--- Given information ---
***
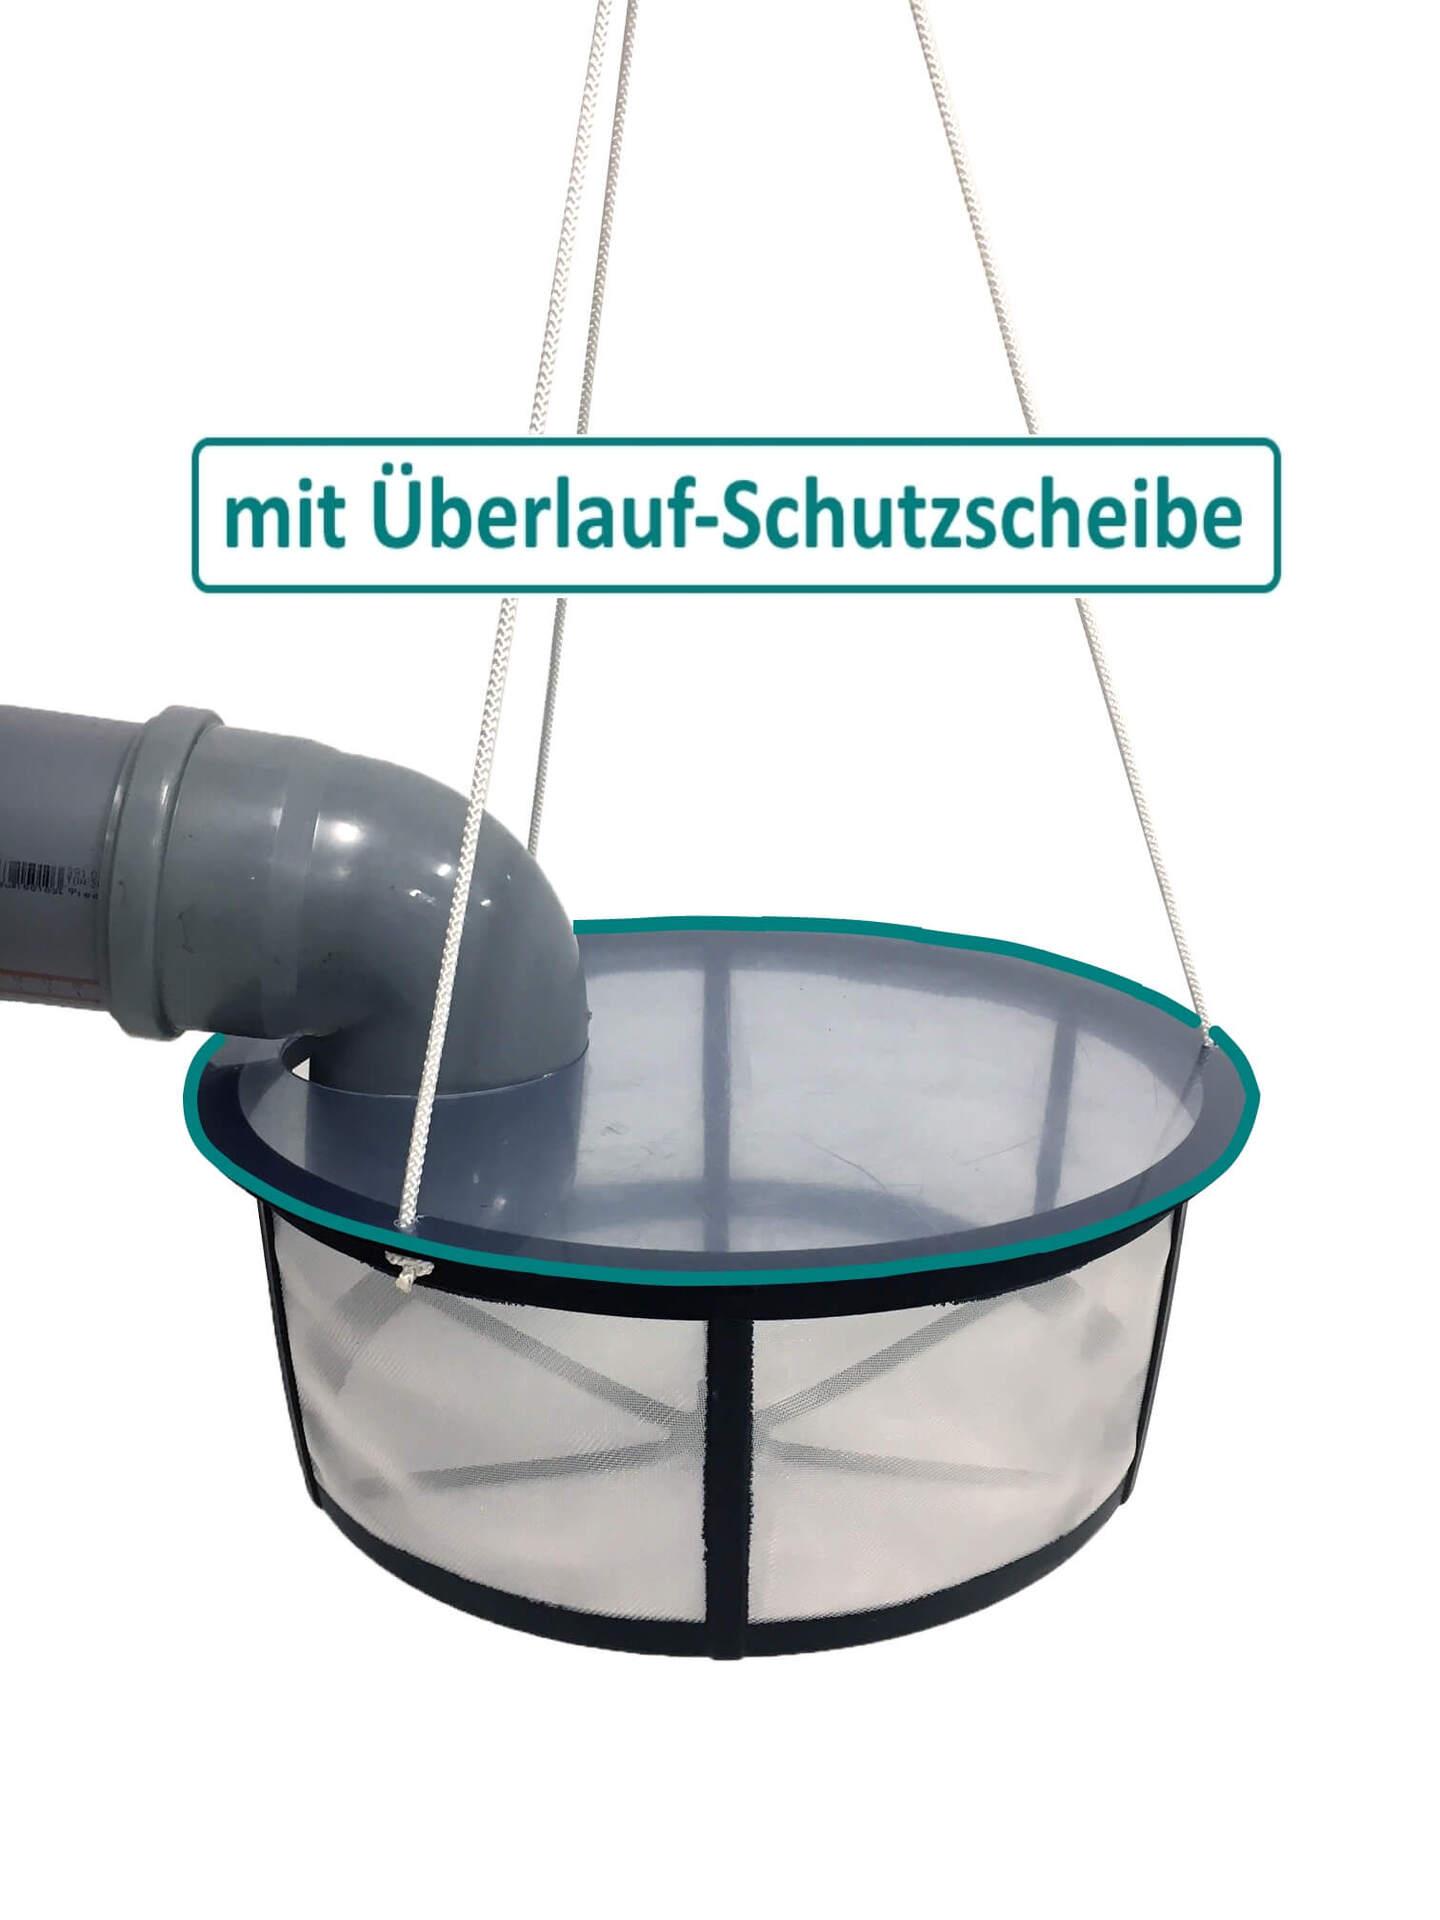 FKZEProtect-freigestellt-beschriftet-mitMarkierungzU14AmAPT0zYR
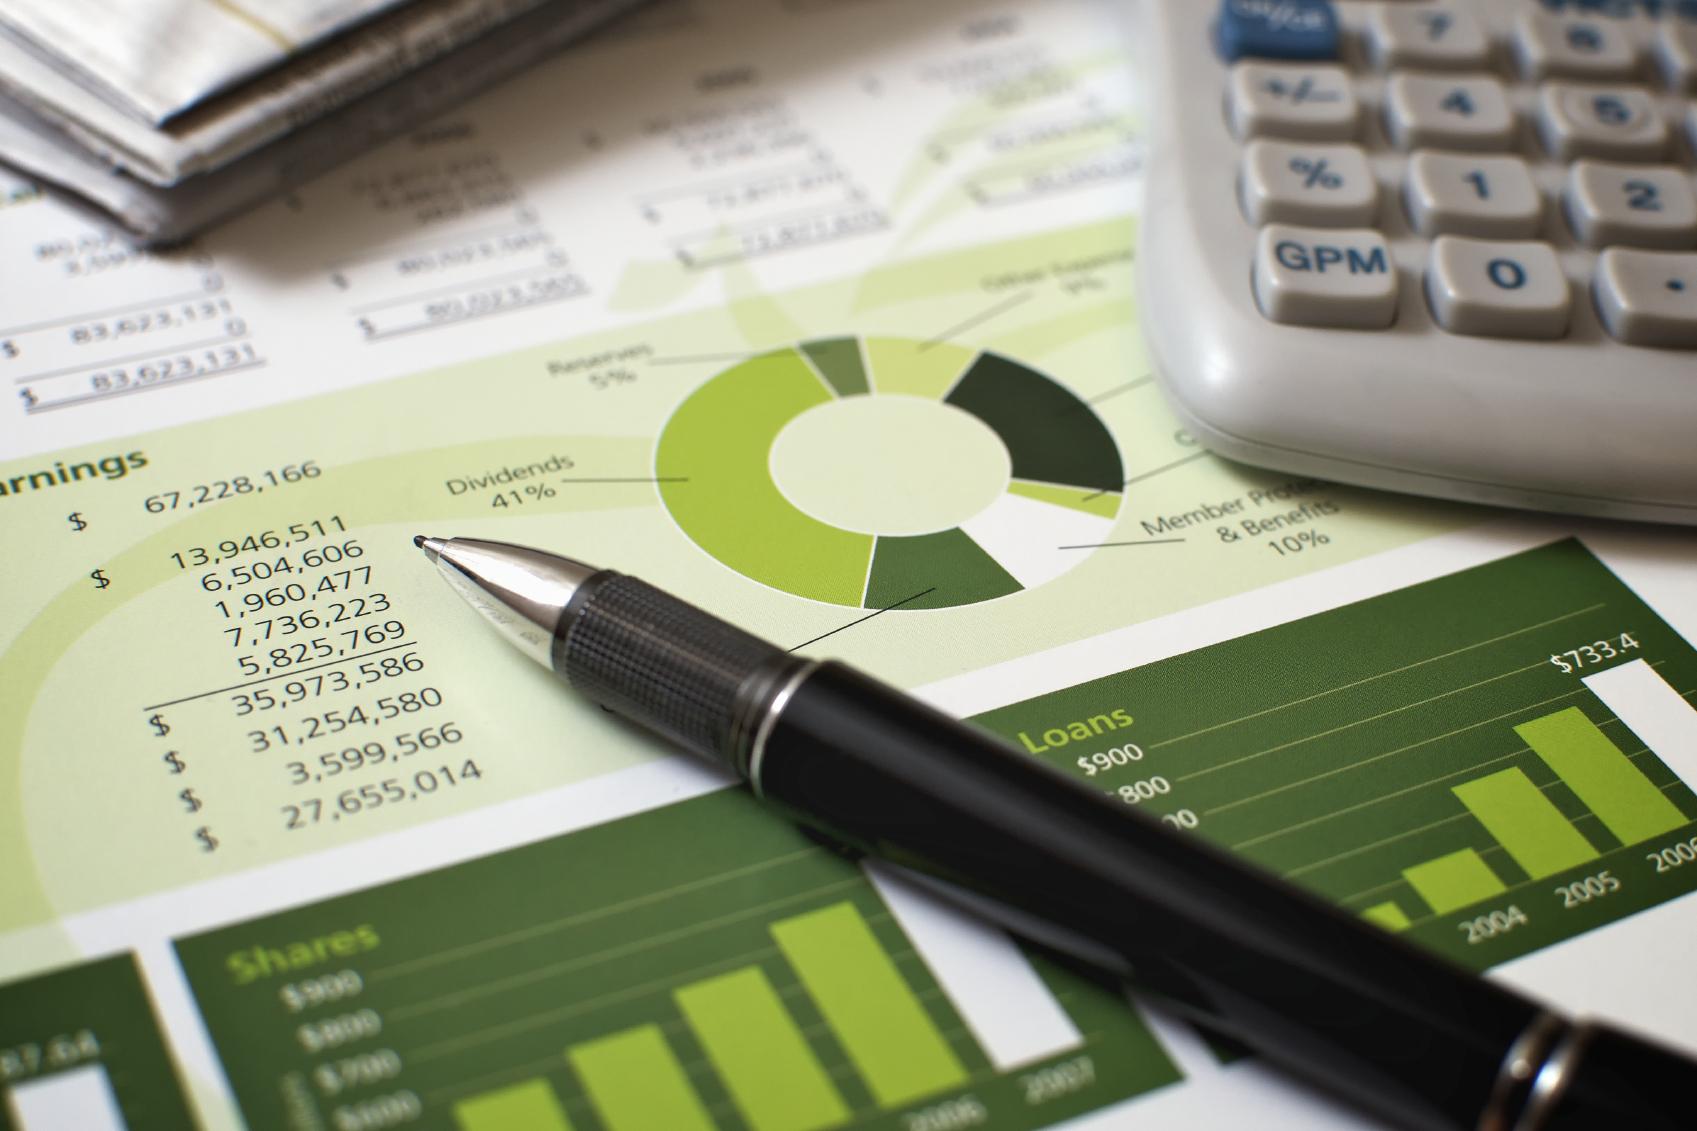 Perché è così importante il controllo finanziario?
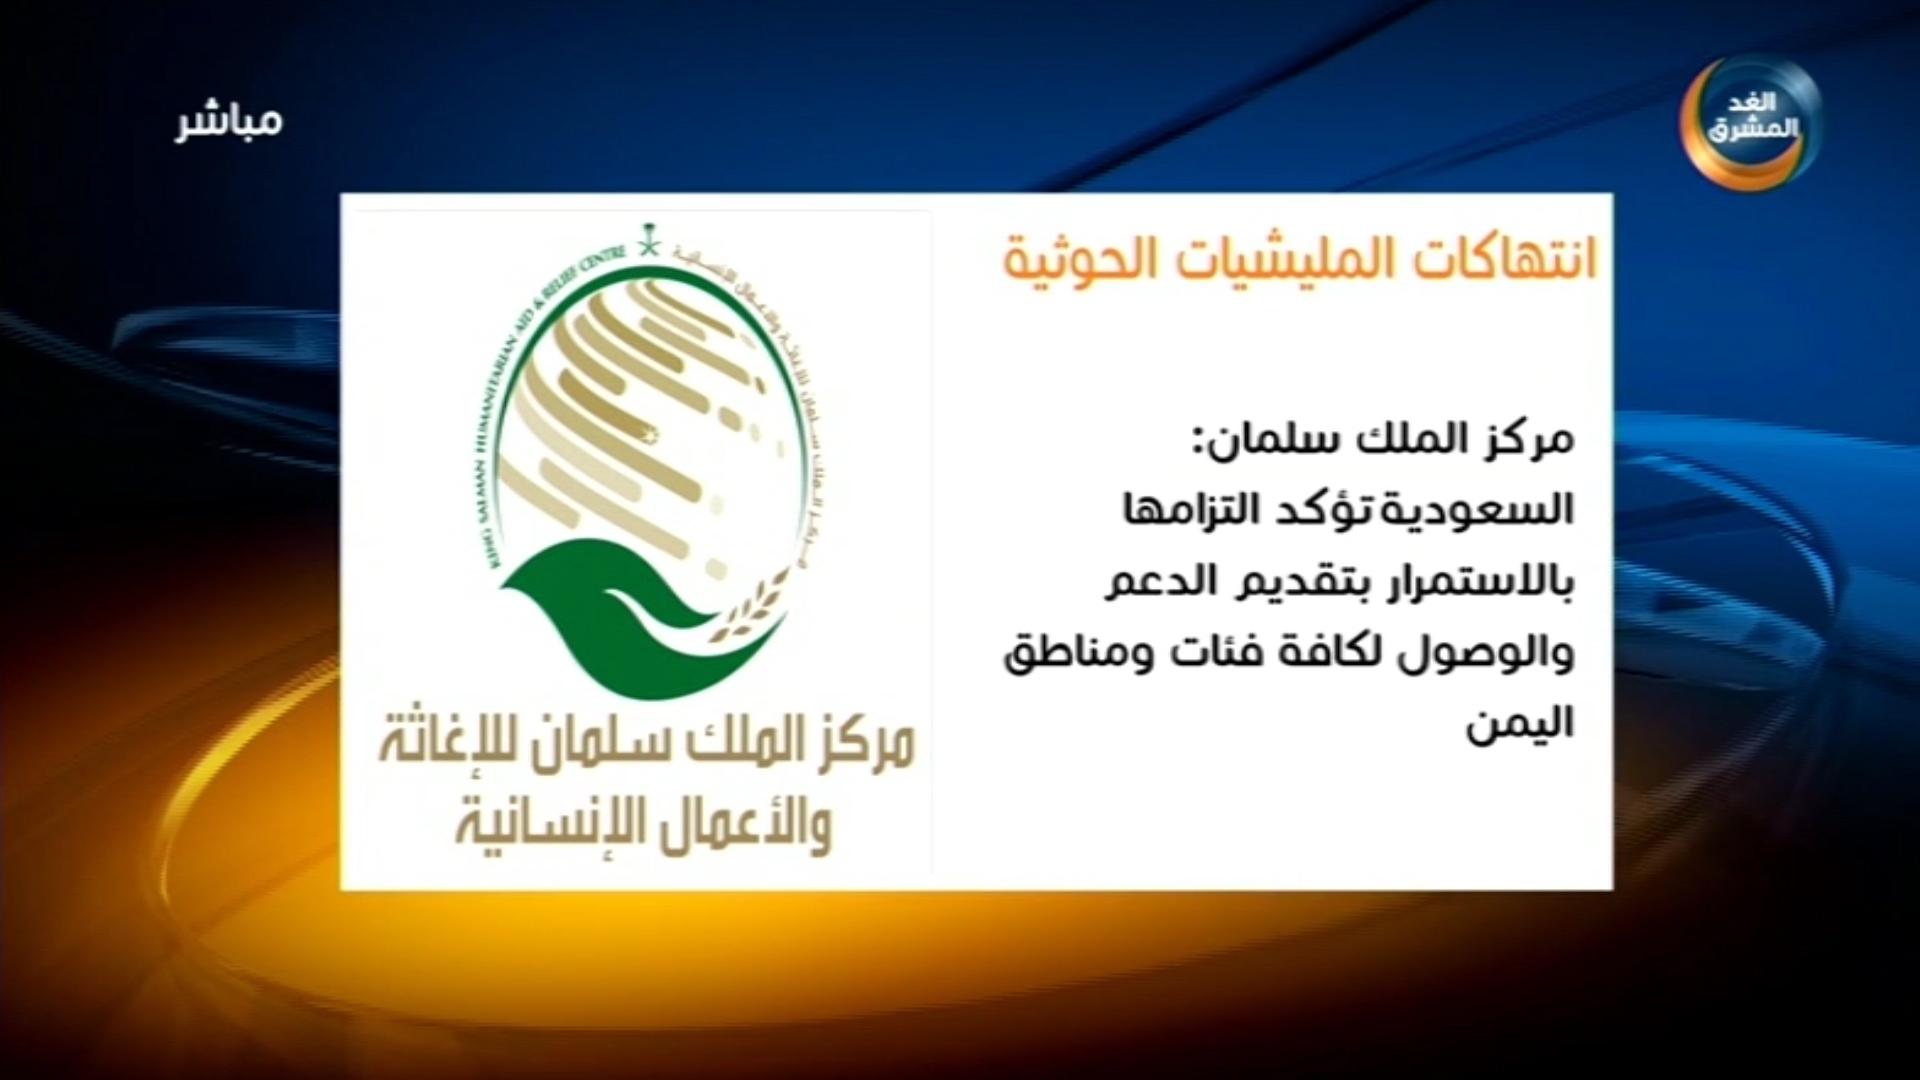 الملك سلمان للإغاثة يدين نهب المليشيا الانقلابية مستودعات برنامج
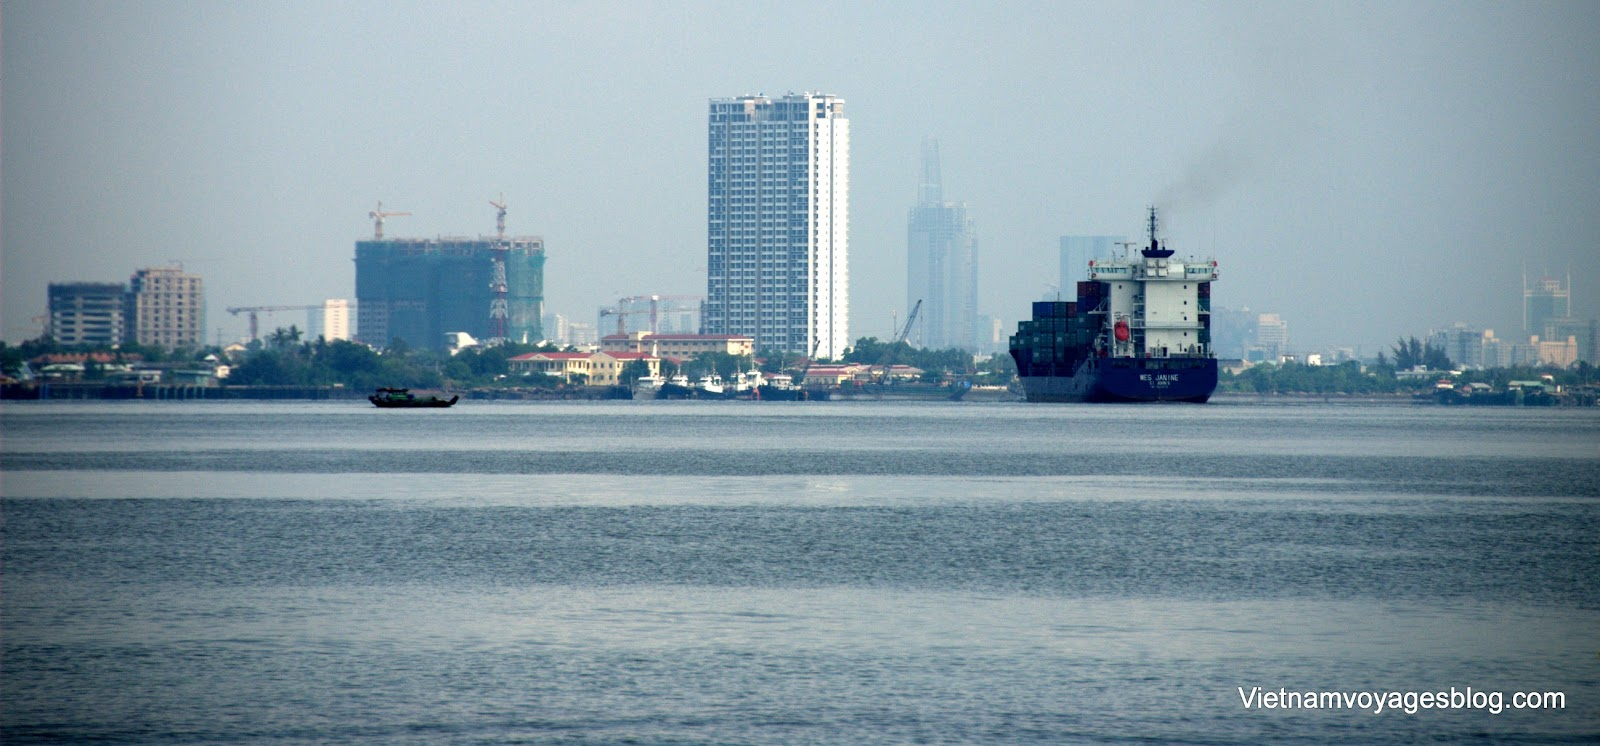 Du lịch biển Cần Giờ ở Thành phố Hồ Chí Minh
***
--- Task goal ---
Pictures in the listing above must be skipped; everything else should be copied exactly.

--- Exercise result ---
 FKZEProtect-freigestellt-beschriftet-mitMarkierungzU14AmAPT0zYR
 Perché è così importante il controllo finanziario?
 الملك سلمان للإغاثة يدين نهب المليشيا الانقلابية مستودعات برنامج
 Du lịch biển Cần Giờ ở Thành phố Hồ Chí Minh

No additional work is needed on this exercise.